Poets tend to believe in the apolitical poem though and see poetry as something apart from everyday life, largely because it suits our purposes to do so. Yet politics - particularly gender politics - has an unpleasant way of insinuating itself into poetry to such an extent that it cannot be ignored or sidestepped. From the moment the gender of a poet’s name is registered by a reader, it dictates whose work gets published, and subsequently rewarded with grants, awards, reviews and critical writing. In short, gender politics lies behind the building of poetic reputations and careers.

Here, Vicki Bertram in Gendering Poetry (Pandora Press, 2005), having acknowledged the usual exceptions - Carol Ann Duffy continues to attract critical interest across the board - questions the striking imbalance of representation of women poets in most critical volumes and anthologies in comparison to that of male poets:

If women poets do not get included in the 'general' analyses, overviews, and anthologies used in schools and universities, they will slip out of sight, and be forgotten until the next wave of female anger gathers and launches another period of recovery work. Currently women poets' writing merits a separate chapter, an easily accommodated tributary, while the main river flows on undisturbed. The lack of published criticism has a further damaging effect: it prevents the emergence of contexts within which the broader resonances of their work might emerge. (p.12)

Men, it seems, looking at Bertram's various graphs and studies, are still very much in control of the poetry scene. And here I am, a woman, writing in a man’s voice, an uneasy mixture of hubris and fawning obsequiousness.

‘Birds build - but not I build.’ Thus the supremely talented Hopkins, eloquent on what he deemed his own failure of eloquence. I have no such talent to fall back on, but an equal measure of despair. My unfinished sequence - at such a vulnerable stage of development, still embryonic, half-formed in my mind - taunts me with its potential for failure. Is it a creative dead-end?

Panic begins to set in as I consider that possibility. If I decide to abandon my new sequence written in a man's voice, made uncomfortable perhaps by self-accusations of male ventriloquism and the impotent recycling of archaic material - however original or audacious the treatment - where will I go from there?

To be 'between poems' - i.e. not actively writing - for any length of time is to be in a precarious, even dangerous, position. In the game show that is poetry, if one door closes behind you, another needs to open pretty smartish ahead of you, or you soon find yourself right back at the beginning. To extend the metaphor, if I leap off the wobbly raft of my sequence, will some greasy stepping-stone emerge quickly enough from the bubbling swamp to save me?

And even if it does, will it turn out to be a hungry critic - sorry, crocodile - in disguise?

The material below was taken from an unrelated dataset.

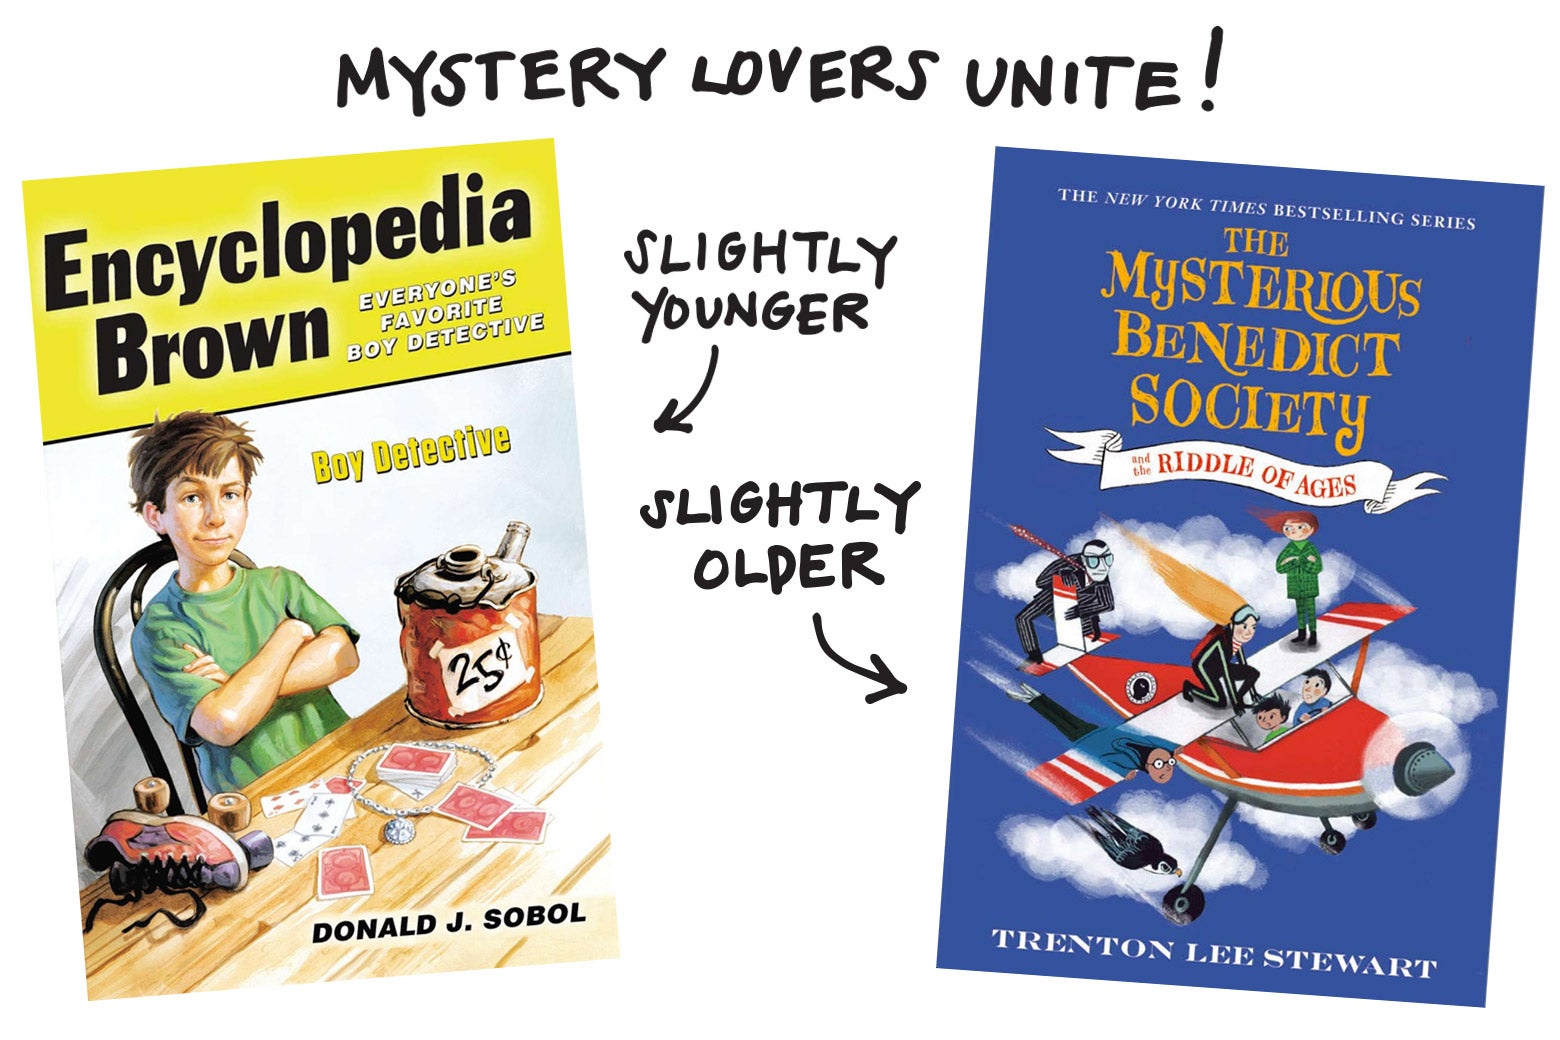 Mystery lovers unite! Encyclopedia Brown for younger readers, and The Mysterious Benedict Society for slightly older readers.

I make a note on the Agbabi collection, sense the vague glimmering of a new poem at the back of my mind - not in the sequence, not in the sequence! - and allow the world to come back in a crash of plastic lunchtrays, the hubbub of students’ voices. Across the years, Hopkins’ self-fulfilling prayer has drawn near and reassured me - ‘Mine, O thou Lord of life, send my roots rain’ - with the reminder that there is nothing new under the sun. Male or female, this fear of failure, crippling at times, at times turning abruptly to defiance, is an inescapable part of what it means to write poetry.